Friday, January 16, 2015

Creativity is Dead

I fear that perhaps I am best suited to be a stay-at-home mom forever. I'm just too thoughtful. It works well for being a mom of young kids, not so much perhaps for the working world, and definitely not for having "adult relationships".



Last night while laying in bed, I asked my husband what he thinks happens to your soul when it dies. Does it float up (or out) to heaven? Are you instantly transported to heaven? Is it like waking up from a dream when you don't remember what happened but obviously some time has passed? I was thinking these things because who doesn't ponder death before bed, right? Totally normal.

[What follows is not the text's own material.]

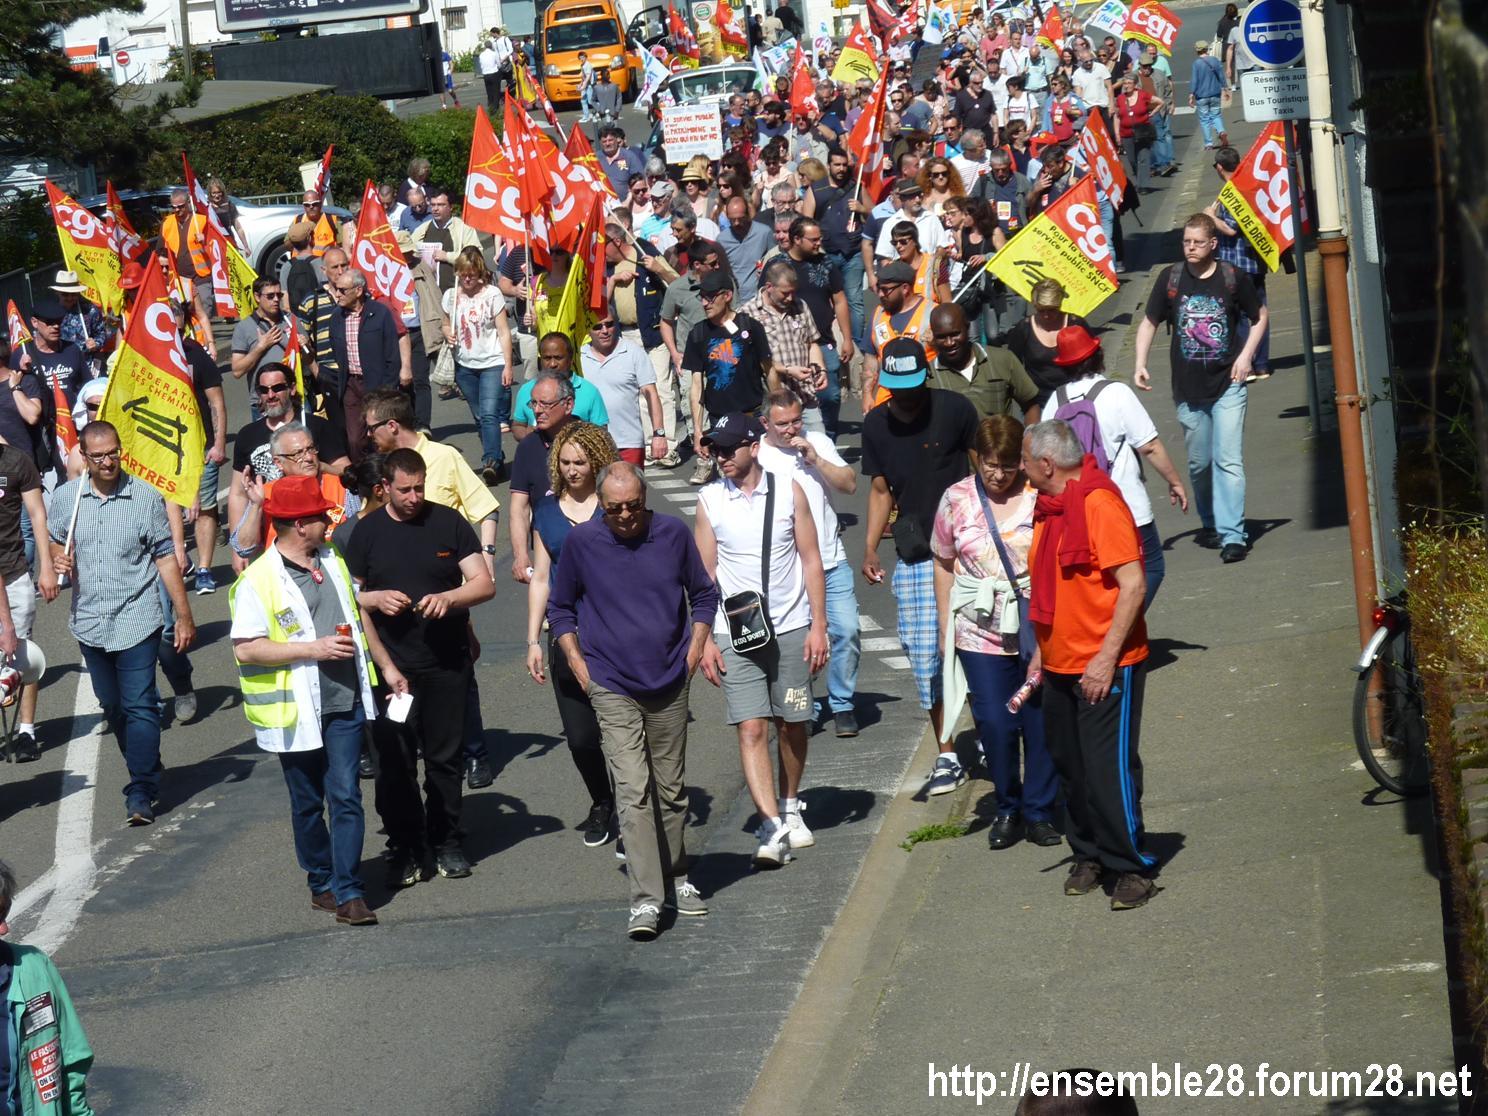 19-04-2018 Chartres Manifestation Interprofessionnelle CGT Solidaires SNES-FSU n°12

I was thinking about the number of people I knew who have died, and the number of people I was around right before death (I was thinking about the horrible "death rattle" which if you are unfamiliar with, thank God). I was in the room when my grandfather died, and I wondered if I had been paying more attention would I have noticed his spirit leaving his body? I was with my mother-in-law just hours before she passed, and definitely into the alive but not alive stage.
But regardless of my weird pre-sleep ponderings, my husband took awhile to answer and finally guessed that they just go into waiting because we are all waiting for the return of Christ. "So Heaven in empty, or just filled with pre-Jesus people?" and he eventually got annoyed with my questions. He replied that he certainly doesn't think about things that have no answer.

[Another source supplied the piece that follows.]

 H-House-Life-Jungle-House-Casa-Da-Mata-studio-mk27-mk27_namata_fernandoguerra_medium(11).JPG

And that's where being a stay-at-home mom for life comes in. All I do is think. I think about this and I think about that. I think about them and I think about me. I wonder what if and why and where and how come. If I had done one thing differently, or made a different choice. I'll spend hours on wikipedia looking up bubonic plague and side effects of common drugs (like ibuprofen) and birth defects and celebrities. I have so many questions. I'm curious.
It seems that most of the world despises curiosity. Mind your own business.
My son just spent the last 20 minutes telling me about ghosts. You need to walk quietly or you pop their dreams, he tells me. And they definitely are "mean ones" who steal your toys when you are asleep.
This is the kind of world I can get behind. Not ghosts, but make believe. Questioning things. And even if its silly, then why not? Silly is better than sad. Make believe is better than anxiety.